A non-disclosure agreement (NDA) is a legal contract concluded between the owner of confidential information and its recipient. NDAs are required when someone wants to protect sensitive data from being disclosed to the public or unauthorized third party. Such data may include inventions, products, services, financial information, or customer lists. A non-disclosure agreement helps do business without worrying that your competitors will know your secrets. Other possible names of the agreement are confidentiality agreement (CA) and proprietary information agreement (PIA).
Whenever you would like to protect your confidential materials, it’s better to have in hand a prepared NDA template. Our free non-disclosure agreement template will help to create and easily adapt your document to future occasions.

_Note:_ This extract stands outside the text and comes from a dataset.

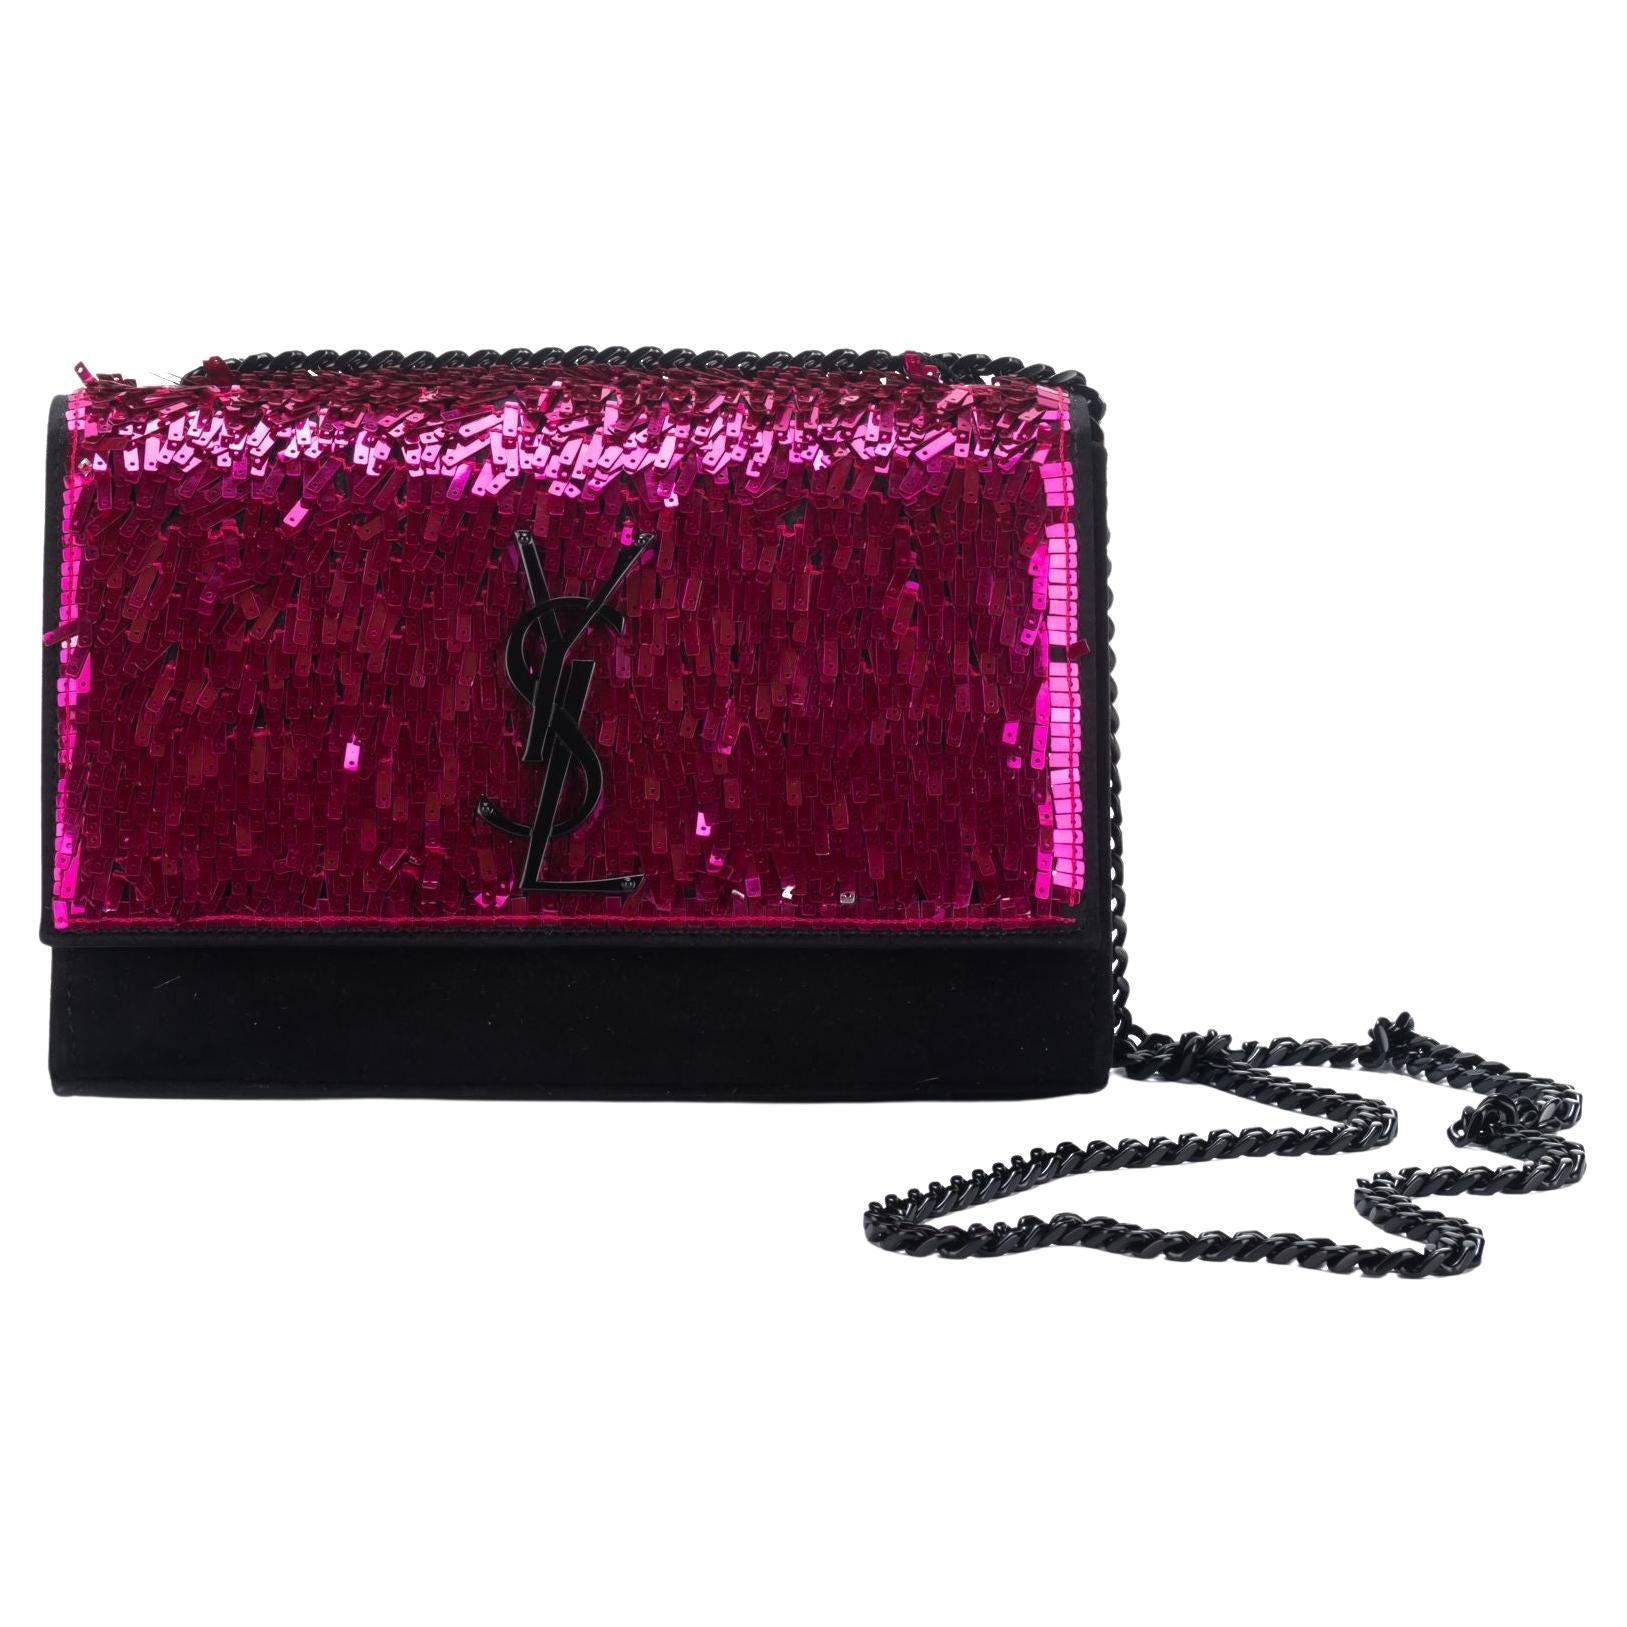 fully lined BN OVER SIZED BLACK & FUCHSIA PINK faux leather  clutch bag 
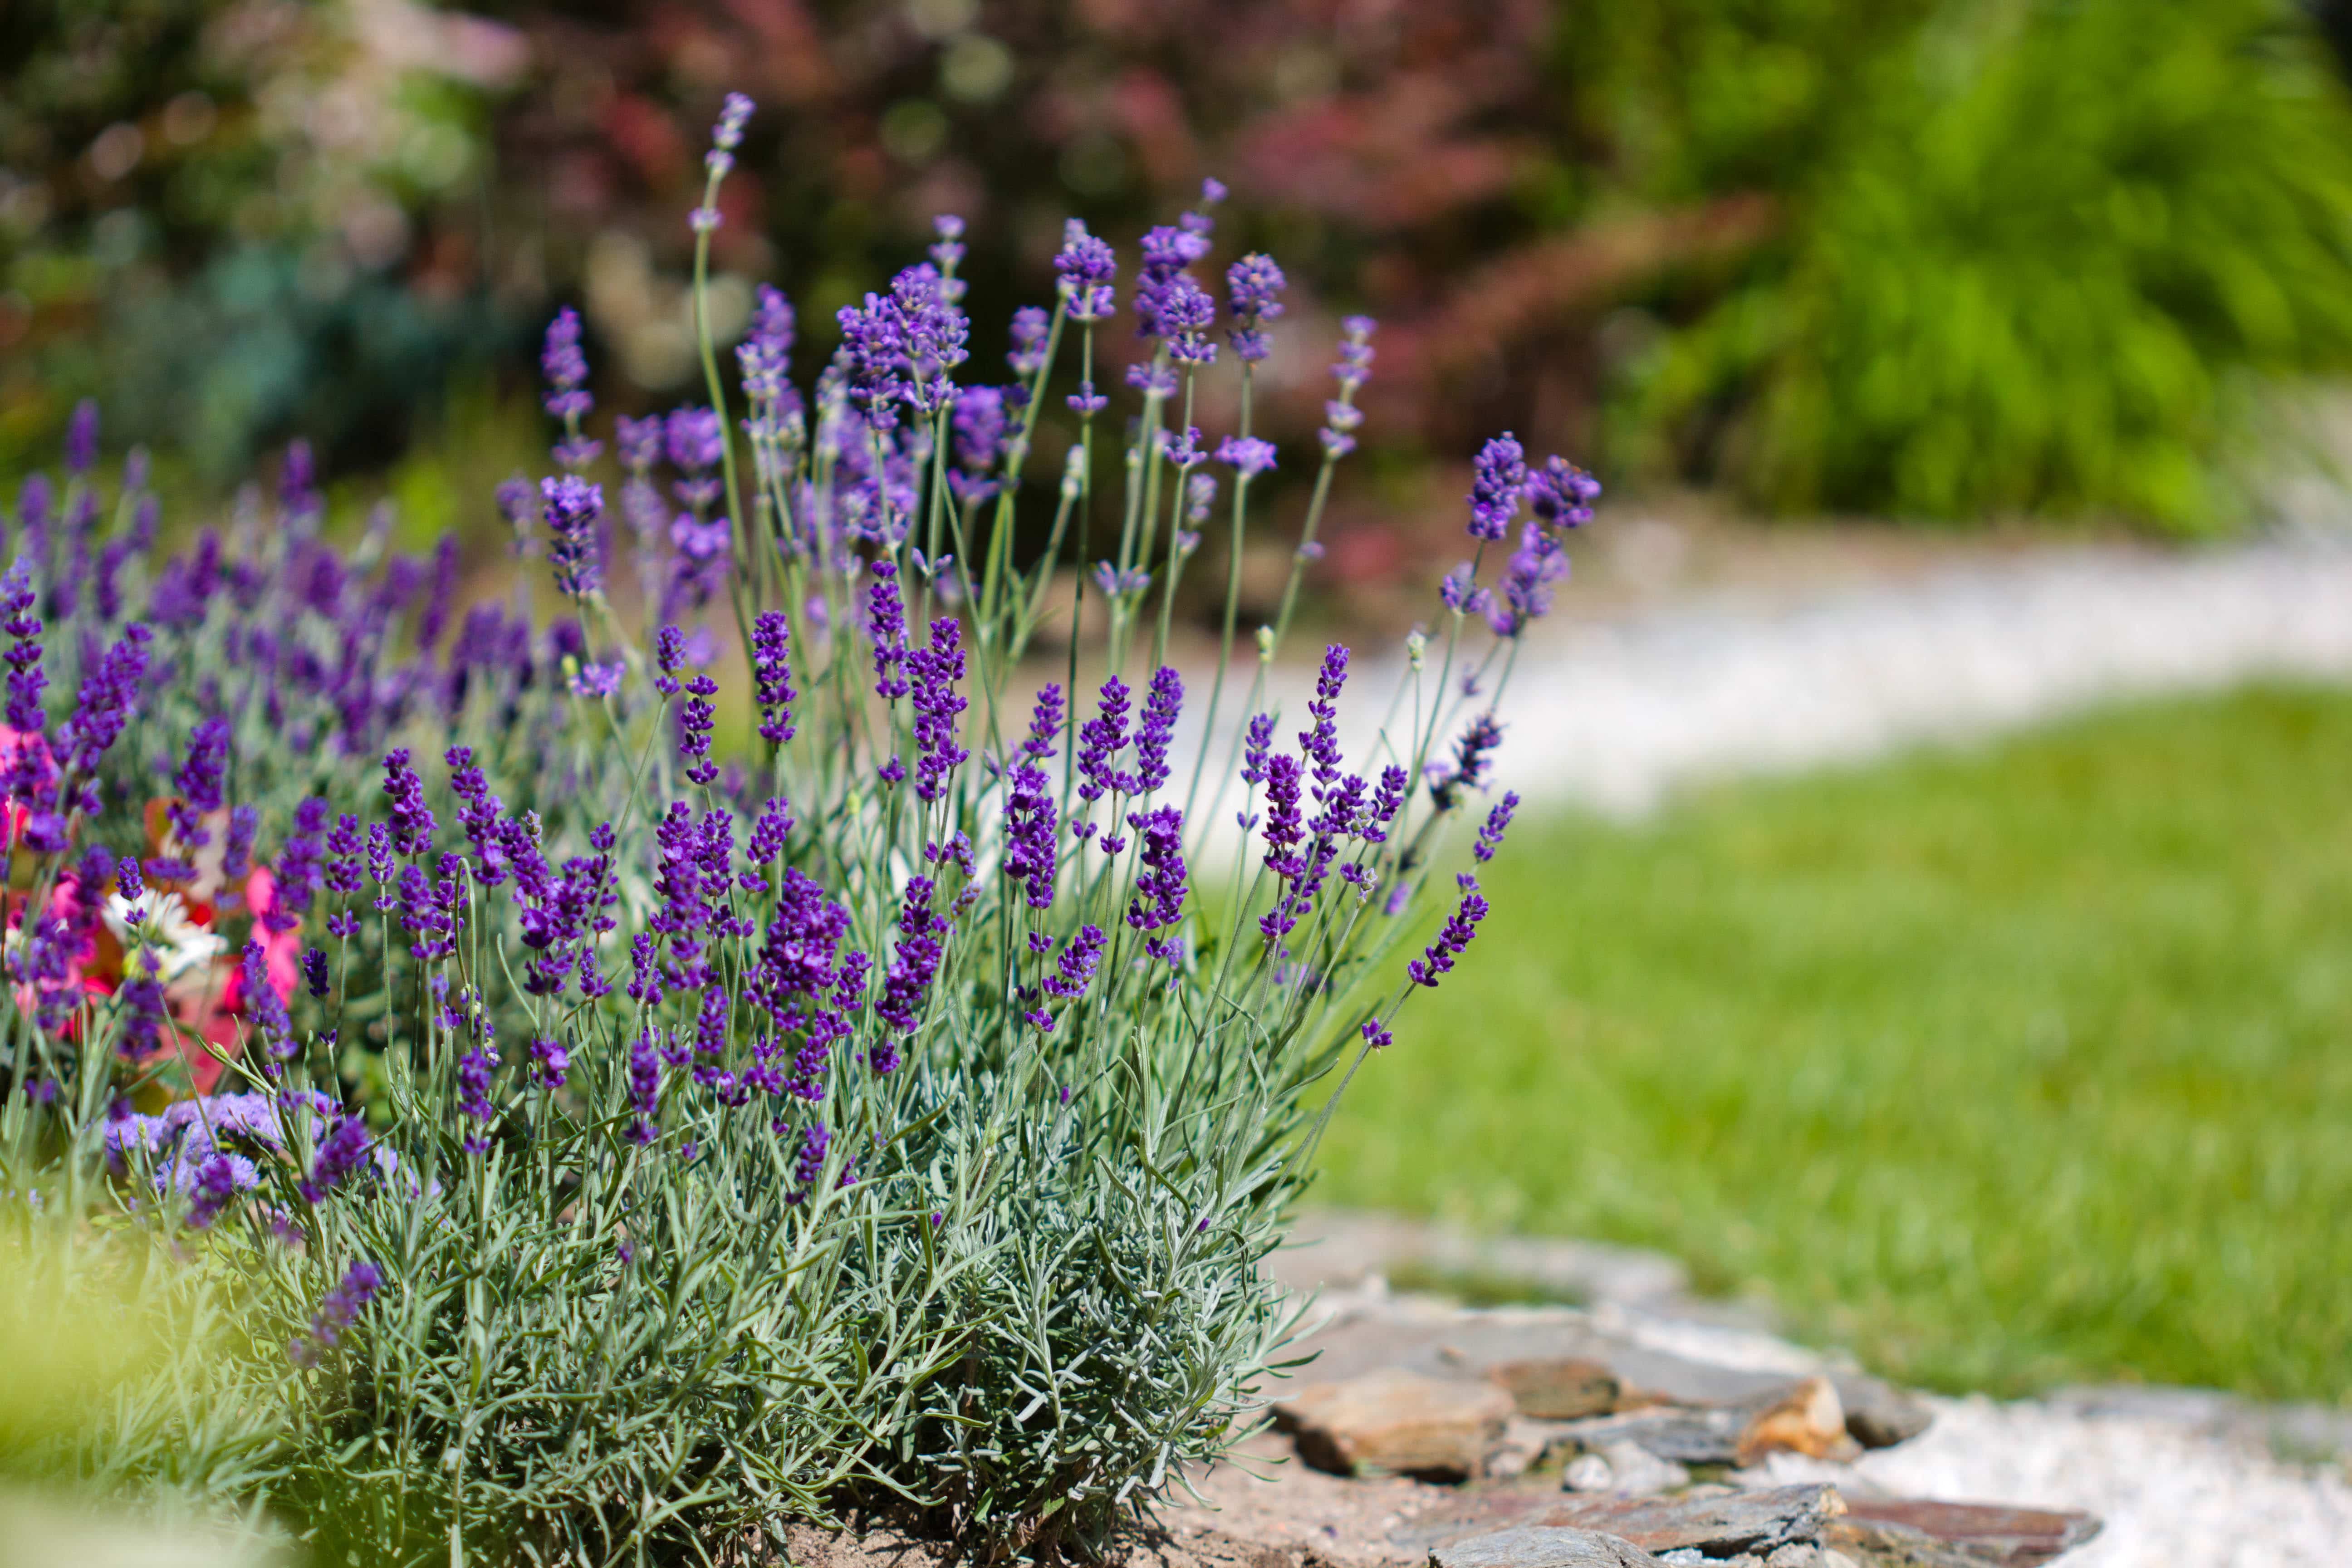 5 mood-boosting plants and herbs - Cultivation Street

Also, you can benefit from our guidelines on how to prepare a quality NDA.
Here some useful definitions that might be helpful while working with a non-disclosure agreement:
“Confidential” or “Proprietary information” is any non-public information owned by a certain natural or legal person and disclosed at their will.
“Discloser” or “Disclosing Party” is the party who owns the confidential information and who’s sharing it with the recipient.
“Recipient” or “Receiving Party” is the party who’s being trusted with the confidential information.
“Trade secret” is a type of intellectual property referring to the business ownership of a pattern, program, device, technique, or process that provides a competitive edge.
“Know-how” is protected results of the party’s intellectual activity; practical knowledge, or skills.
“Non-circumvention” means that the recipient will not engage directly with the disclosed contacts without the prior written consent of the disclosing party.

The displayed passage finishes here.